The diversity of students today requires individualized approaches to communication. Using examples from their own classes, the facilitators help others understand and communicate better with their students. The challenges that may have occurred in the past, and strategies available to overcome them, are discussed. There are no personality types that are better or worse, healthier or frailer. Each type has its own inherent strengths and potential weaknesses.
Our traditional systems of grading tend to reward behavior rather than knowledge, to be demotivating, and to demand that instructors perform endless workarounds to improve student outcomes. In this webinar, the presenters introduce an approach to grading that aims to equitably assess student learning and motivate student persistence. Presenters share details on grading strategies, preliminary results, and learning from implementation. They also provide a sample alternative assessment tool.
This webinar is aimed at understanding the issues that students face in a peri-post pandemic period. The facilitator works toward laying down a foundation of terms and topics aimed at assisting educators at all levels to create a welcoming and safe classroom for students to help promote attendance, learning, and self-awareness. Attendees are asked to provide their own experiences to assist the presenter in providing relevant information. The presenter provides a list of ways in which the attendees can create a safe space and where or how they can intervene in difficult situations.
The contemporary challenges community college leaders face are increasingly complex and must be addressed with a new approach to leadership. Adaptive challenges, such as the impact of COVID-19, changing student population demographics, local economic and political challenges, and unique and complex personnel issues, do not have easy solutions. They require an adaptive leader equipped with a unique set of strategies, including: Engaging in critical self-reflection; tailoring communication to the situation and audience; dissociating from the problem; analyzing the issue by listening to diverse perspectives; managing emotional responses with sensitivity; empowering those who are change-averse; and challenging assumptions with data. This webinar is especially relevant to community college leaders and aspiring leaders, but all who are interested are welcome to attend.
Deaf students face many challenges in achievement and advancement of their postsecondary goals. The National Deaf Center identified negative attitudes and biases as some of biggest barriers that directly affect deaf students. It is also important to note that deaf students with multiple identities, such as race, ethnicity, and additional disabilities may experience additional barriers, especially biases and attitudes. These attitudes and biases are pervasive across the education system and marginalize the experiences of deaf students.
This webinar introduces how biases, attitudes, and social constructs impact educational attainment for deaf students. The webinar allows participants to examine how attitudes and biases result in barriers for deaf students, how preconceived expectations about deaf people’s identities and experiences can limit their education, and how we can take action to create impacts as individuals and as educators.

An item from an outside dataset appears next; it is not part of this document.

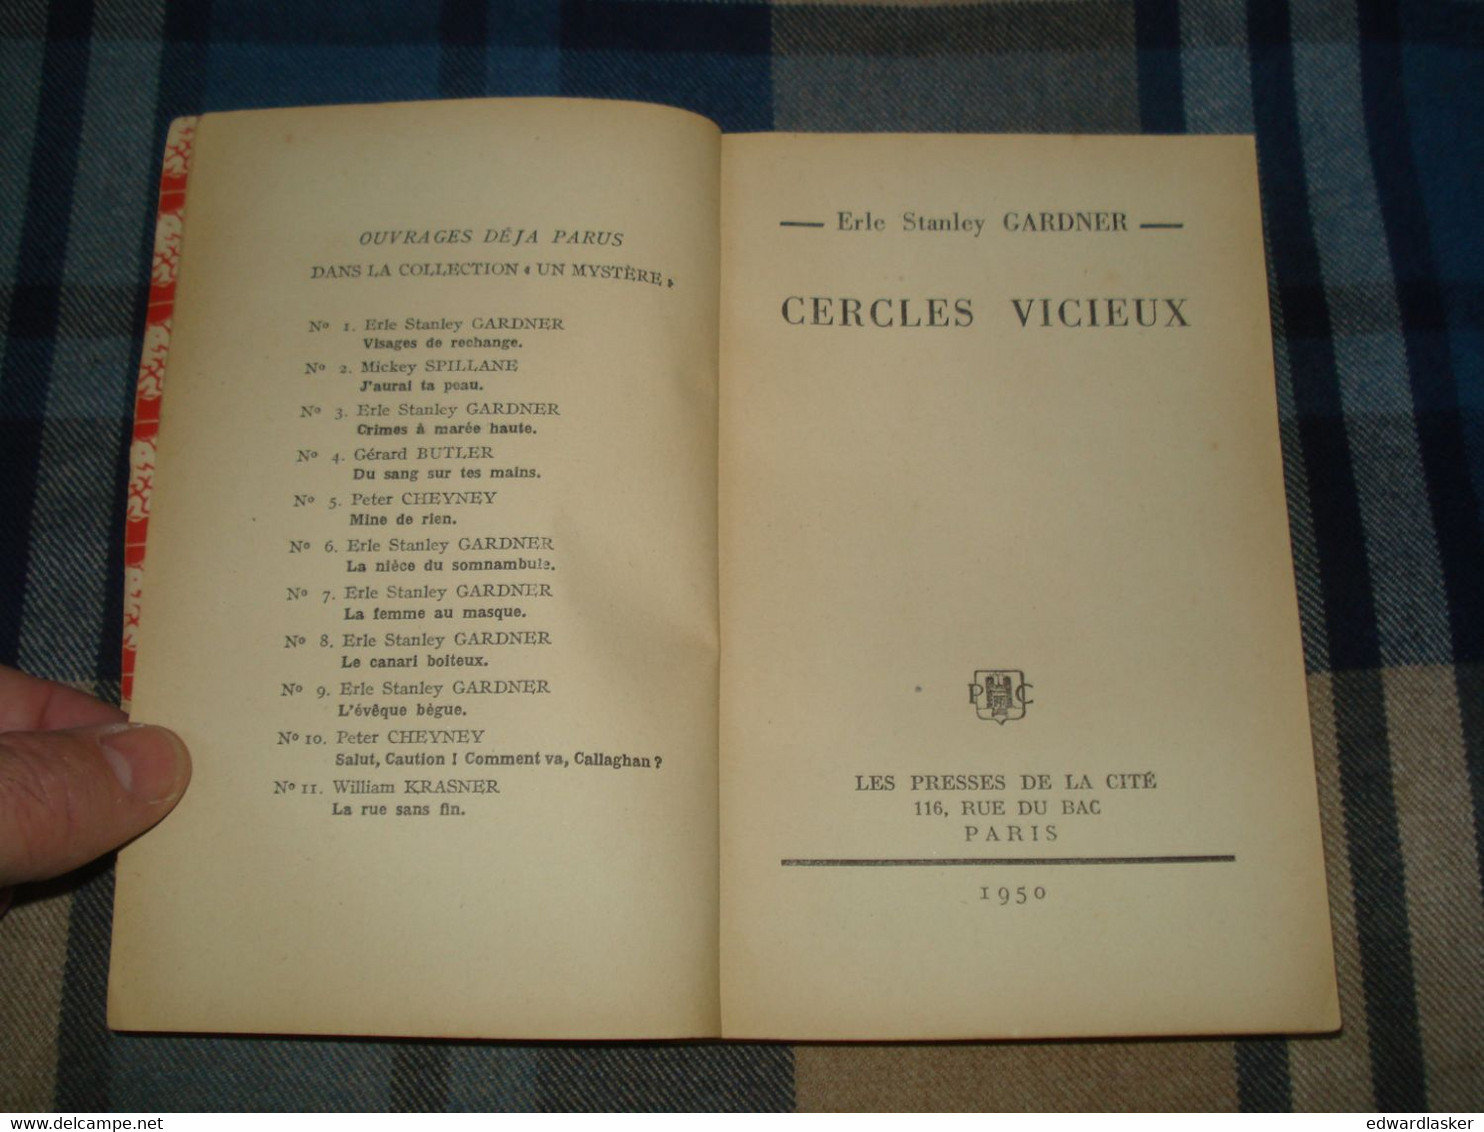 Un MYSTERE N°13 : CERCLES VICIEUX /Erle Stanley GARDNER - Octobre 1950 [2] - Presses De La Cité

This webinar provides tools and techniques for communicating with students in digital environments. The presenters explore how to understand your students’ communication needs, the use of messages to facilitate supportive contact, essential communication tools, and how to make a distance relationship successful. The importance of tone and verbiage in emails; using real time communication aids (Zoom, FaceTime, etc.); communicating in a timely fashion; accuracy in instructional messages; respecting the student’s individuality; and using multiple communication tools to interact with students and present material are also considered. The focus of the webinar is on helping instructors facilitate meaningful connections with students using both verbal and written communication.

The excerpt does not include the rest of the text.